— Обезьяна? — переспросил Гюбернатис.
Собака закрыла глаза и слегка склонила голову в сторону.
— Я знаю, что раню ваши чувства, господин депутат, — сказал Деснуэттес.
— Нет, нет, — пробормотал Гюбернатис.
— Да, да, я знаю это. Обезьяна! И все же это была обезьяна, которая почтила меня своим визитом. С этого дня я все жду ее возвращения, и каждый гость для меня желанен и почитаем! Вы сами, господин депутат, вы совершенно особенный, вы совсем не такой, как тот, кто должен вернуться сюда.
— Вы уверены, что он вернется?
Хозяин самодовольно усмехнулся.
— Конечно, господин депутат, конечно.
Собака снова открыла глаза.
— С одной стороны, — сказал Гюбернатис, — вы, кажется, все еще хорошо помните, как он выглядит, а с другой стороны, одержимы желанием снова найти его. Я хочу сказать: мне, к примеру, кажется, что я ничуть не похож на обезьяну, и все же вы задаете мне вопросы, словно я могу оказаться этой обезьяной.
— В самом деле. Но в этом нет никакого противоречия, господин депутат. Я только думаю, что его внешность могла измениться, что он принял другой облик.
— Как же вы тогда снова его узнаете?
— По кое-каким приметам.
— Но вы помните хоть что-нибудь из того, что он вам рассказал?
— Ничего. Я часто задумывался над этим. Но ничего. Ничего.
Потом:
— Как вы смотрите на стаканчик старого кальвадоса? У меня в подвале есть отличное вино. Я сейчас принесу его.
Он вышел из таверны.
Как только он оказался по ту сторону двери, пес сказал:
— Что вы думаете о его истории?
— Не слишком много. Я не привык к таким разговорам. Я живу в мире чисел и точных понятий.
— Да, он мечтатель, этот хозяин, не так ли?
— Он мечтатель, я честолюбец, вы быстро усвоили этикет людей, месье Дино. А вы, кто вы?
— Собака.
Но тут появился хозяин, и Дино больше ничего не говорил.
Кальвадос был первоклассным, и Гюбернатис сделал хозяину обычные комплименты. Хозяин таверны принял их как без малейшей гордости, так и без малейшей скромности. Он был так же молчалив, как и пес. Его желание рассказать историю, казалось, совершенно исчезло.
На безлюдной улице послышались шаги, они приблизились, и дверь начала открываться. Дино спрыгнул, со стула и залаял. В щели притвора появилась голова одноглазого старика.
— Вы должны утром посетить меня, господин странник, сказала голова.
— Вы можете на меня рассчитывать.
— Доброй ночи.
Голова исчезла, и дверь снова закрылась. Дино опять запрыгнул на стул.
— Вы с ним уже познакомились? — спросил Деснуэттес.
— Он недавно был здесь. Но… кто он, собственно, такой?
— Разве я это знаю?
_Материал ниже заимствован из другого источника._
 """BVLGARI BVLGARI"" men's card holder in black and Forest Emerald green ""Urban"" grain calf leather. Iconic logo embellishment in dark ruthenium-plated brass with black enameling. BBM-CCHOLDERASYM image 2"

Кто это вообще знает? Старый, выживший из ума старик — и все.
Собака искоса посмотрела на странника и улыбнулась. Потом она спрыгнула со стула, уверенно направилась в сторону двери, толкнула ее и тоже исчезла. Они услышали шаги у себя над головами.
— Это девушка приготовила вам комнату, — сказал хозяин.
— Мне рассказали странную историю об этом одноглазом.
— И кто же?
— Ваша девушка.
Хозяин пожал плечами.
— Ха! В этой глуши все так суеверны! Пустая болтовня, иногда глупая. Некоторые заходят настолько далеко, что даже утверждают, что моя собака говорит.
Гюбернатис рассмеялся.
— На самом деле, хорошая шутка!
— И что она может делаться невидимой.
— Раньше ее сожгли бы, и вас вместе с ней.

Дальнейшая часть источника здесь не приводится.